More outlets than ever need content but millions more writers are also clamoring to fill those needs, often without pay.

Despite the low market value of writing itself, an entire cottage industry has sprung up to support the self-publishing community with marketing, editing, cover design, book formatting, coaching, etc. Although I don’t have verifiable proof, I firmly believe most authors pay more to these support businesses than readers pay to authors for their books.

Don’t forget Bezos, who’s done just fine servicing authors.

Remember the dollar/word I made in 1995? More than a quarter century later, here’s a link to top-paying markets for freelancers. Fifty cents is about the max you can expect today. Some are down to a penny or dime/word, same rates as when I started.

Yet the gallon of gas that was $1.15 in 1995 now costs $4.

Factor in the disaster of 2020 and writing incomes dropped further. According to the Authors Guild, “…by January [2021], over two thirds [of writers surveyed] had lost a significant portion of their income—almost half of their pre-pandemic incomes on average—due to the loss of freelance journalism work, speaking engagements and teaching jobs, as well as low book sales due to bookstore closures.”

Highly respected writing/marketing guru Jane Friedman never shrinks from shining a light on cold, hard reality. She tackles the uncomfortable subject of current author earnings in this post.

Jacquie the successful travel journalist is no doubt spinning in her grave. The nice living that she once made as a freelancer nowadays translates more accurately to the revenue from your kid’s lemonade stand.

There are more authors with 15-year-old Subarus than chauffeur-driven limos.

I don’t mean to be a Debbie Downer but that’s the reality of the profession we’ve chosen.

Yet…there are other forms of payment.

“Your character totally captured how I felt.”

 “I could see the place like I was right there.”

“I’m a crusty old Marine but your story brought tears to my eyes.”

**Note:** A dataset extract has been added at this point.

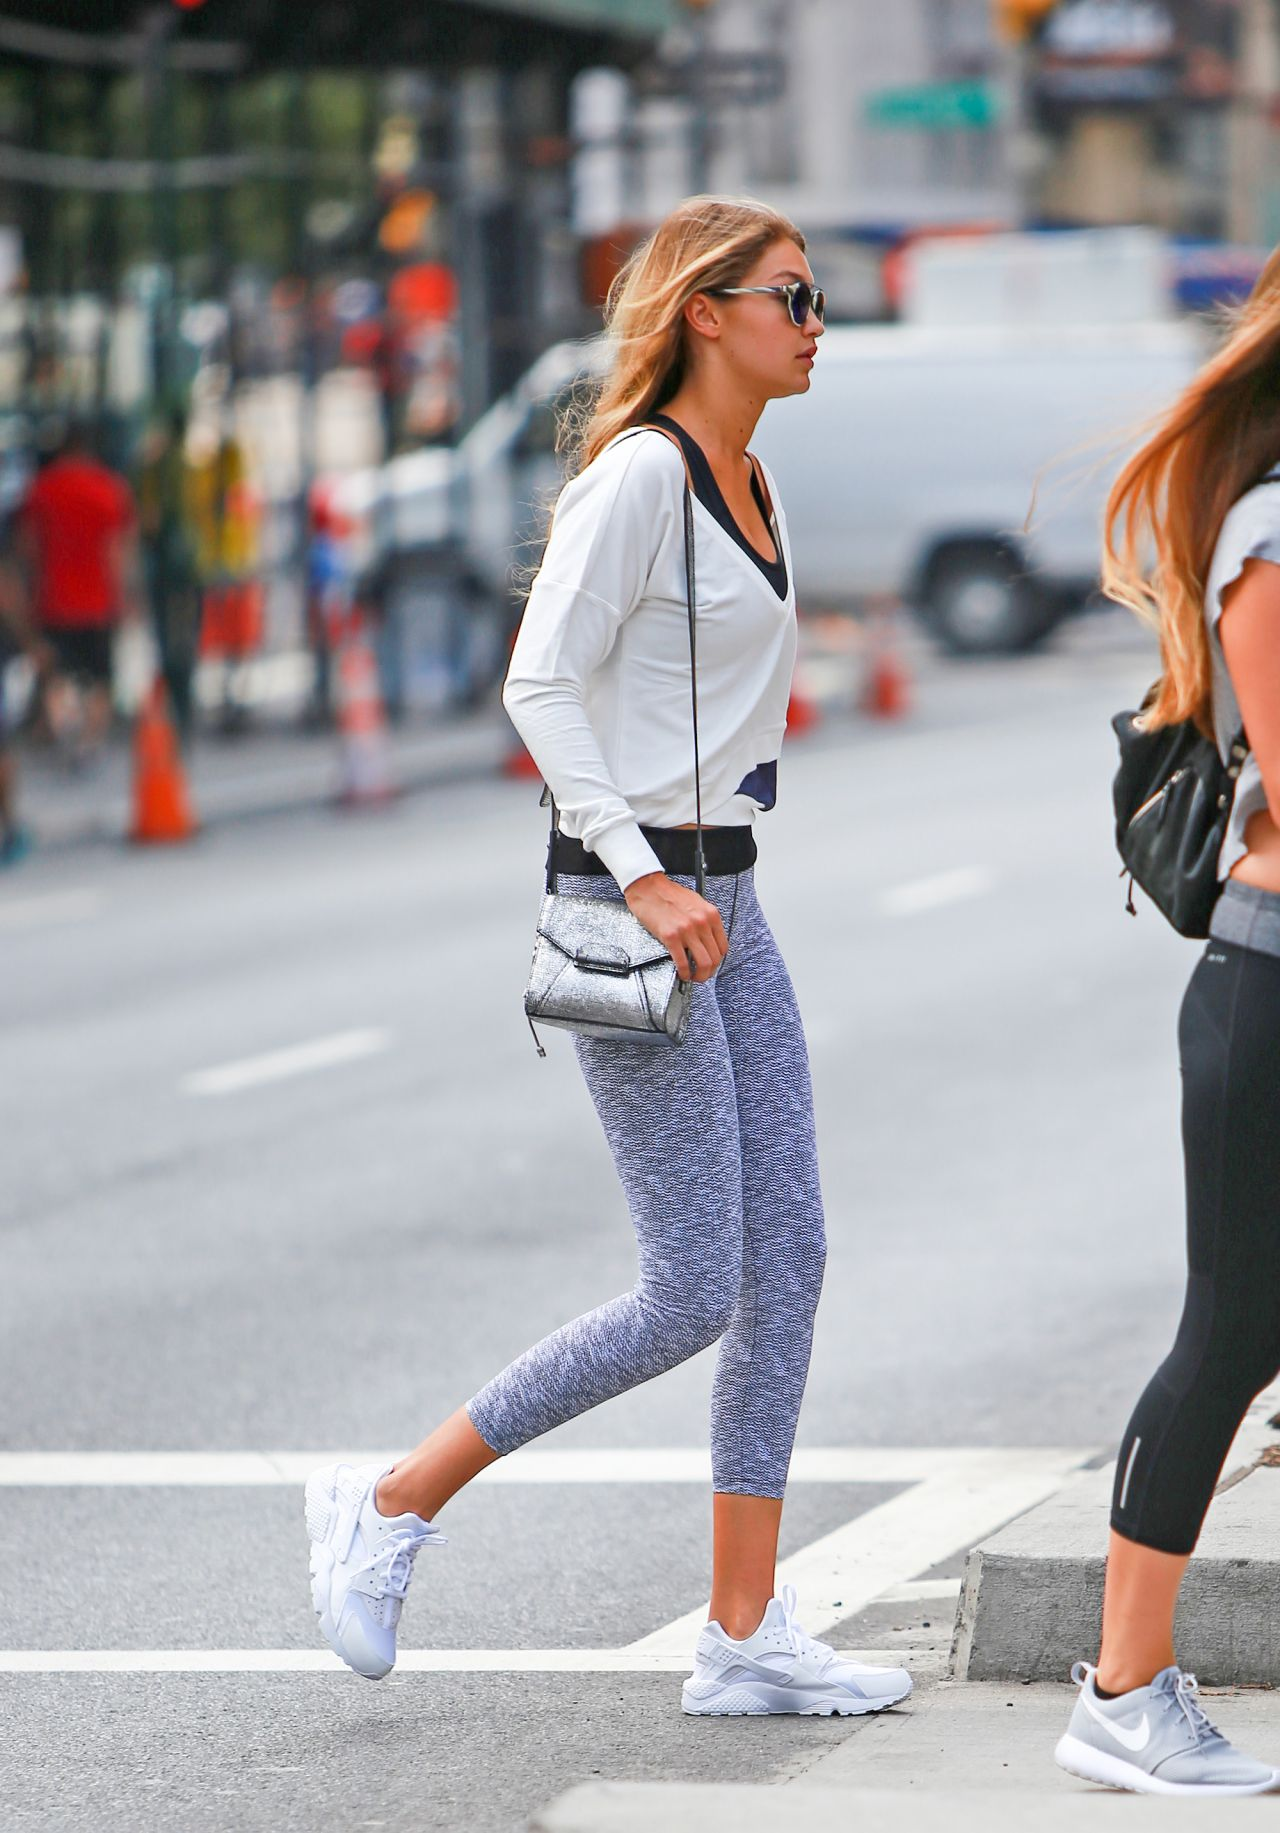 on sale online wide range full range of specifications Gigi Hadid in Leggings - Out in New York City, September 2015
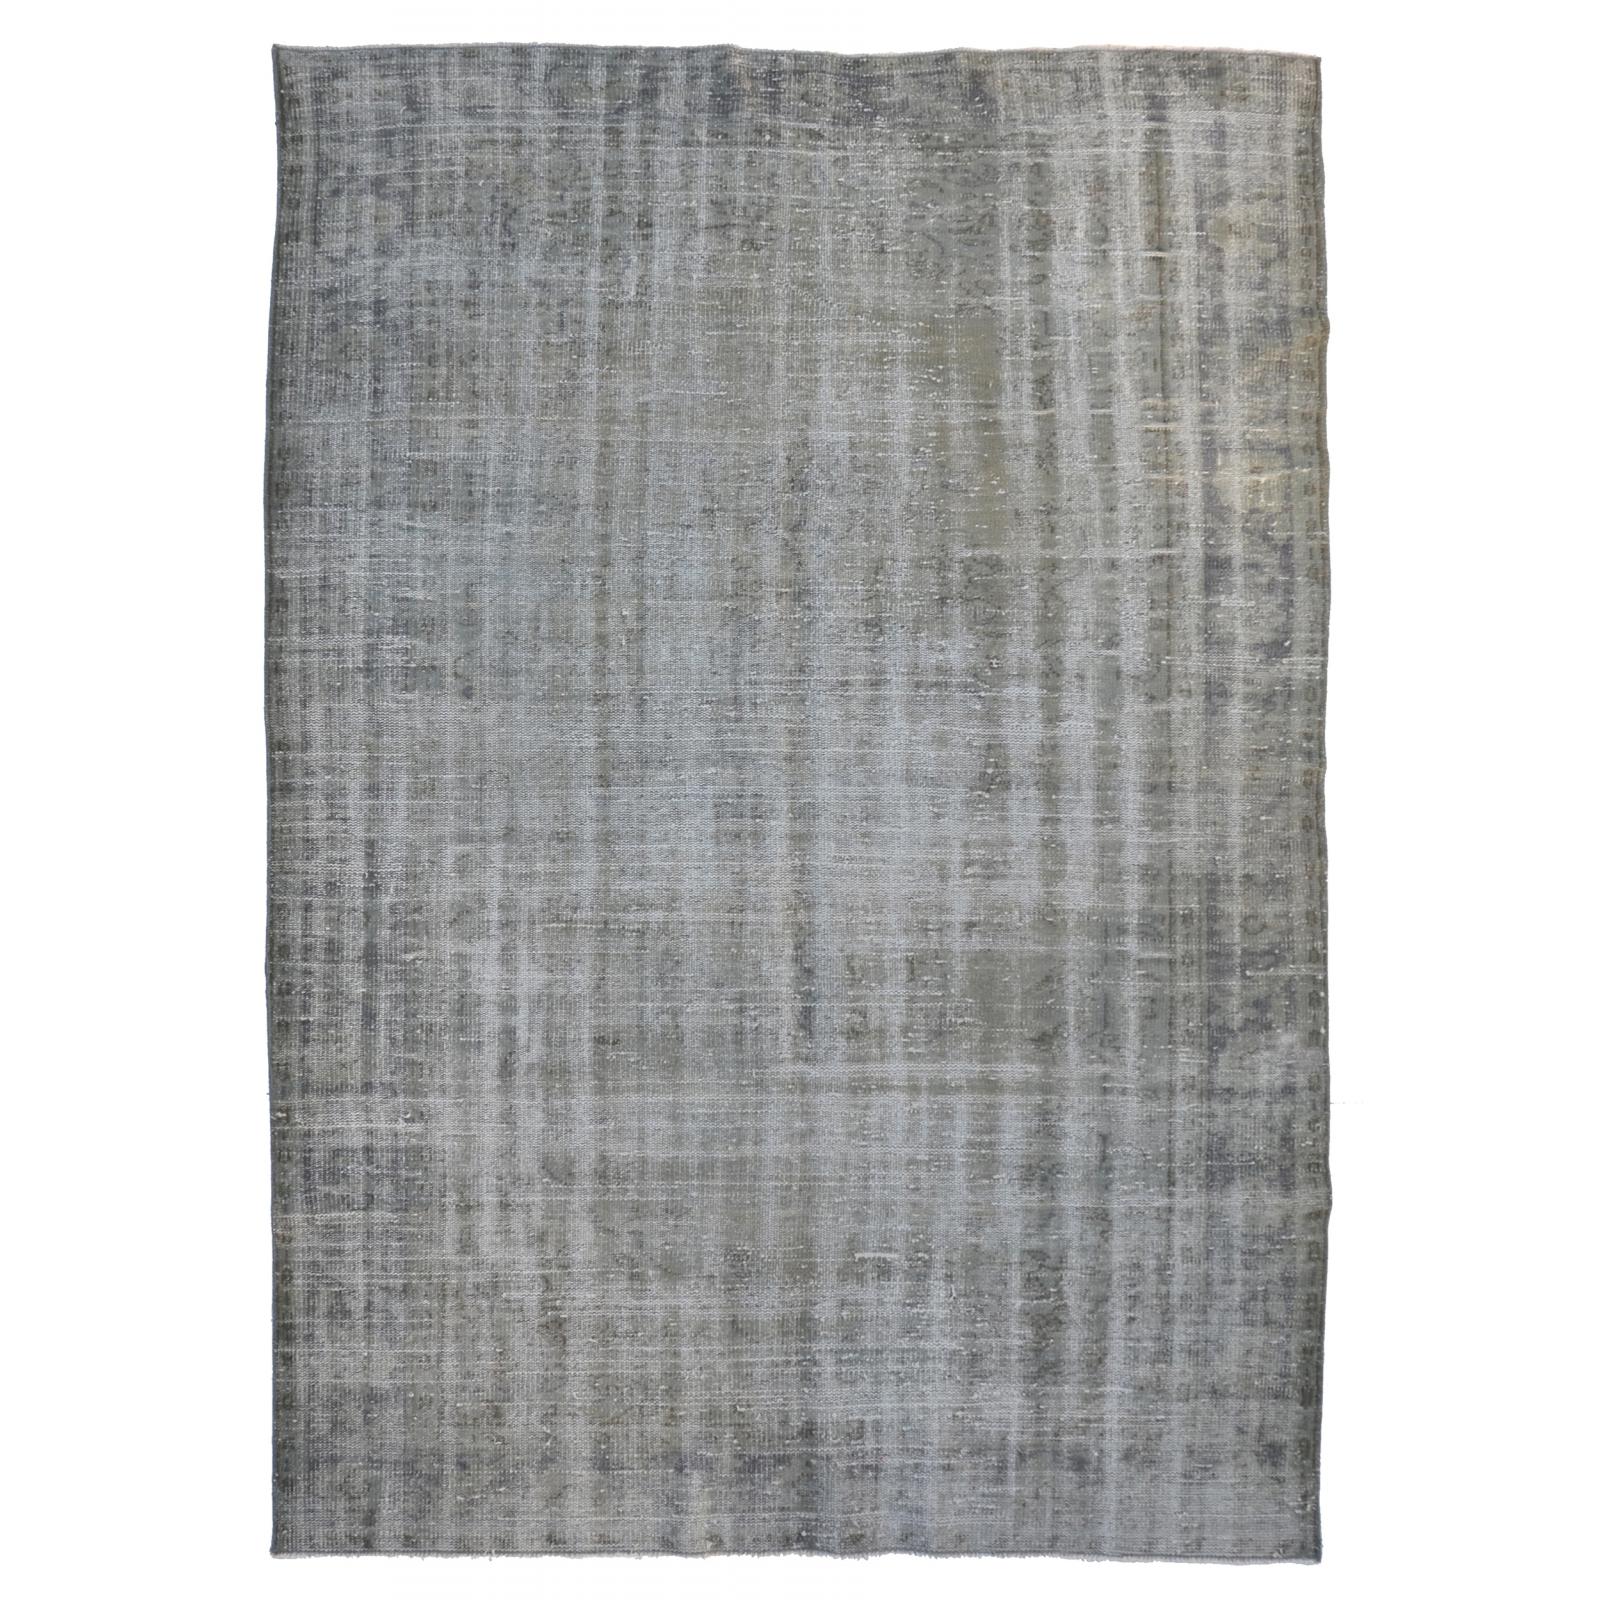 gris vintage tapis recolor s 286x185cm. Black Bedroom Furniture Sets. Home Design Ideas

“I’m disabled and don’t get out much. Your books make me forget my troubles for a little while.”

“Your book kept me up all night. I couldn’t put it down.”

How much are the above reader comments worth?

Well, they won’t buy a new laptop or pay for a research trip to Greece.

But there’s something about making that connection with readers that feeds my soul.

This year, I’ve concentrated more on marketing than in the past and book sales are gradually rising. But I’m not ready to sign a contract for a riverfront condo yet.

Meanwhile, I continue to treat writing as a profession, working as hard for unpaid stories as I do for paid ones.

Will I keep writing even though the pay is lousy?



TKZers: Would you keep writing if you never got paid? What’s the best reader comment you’ve ever received?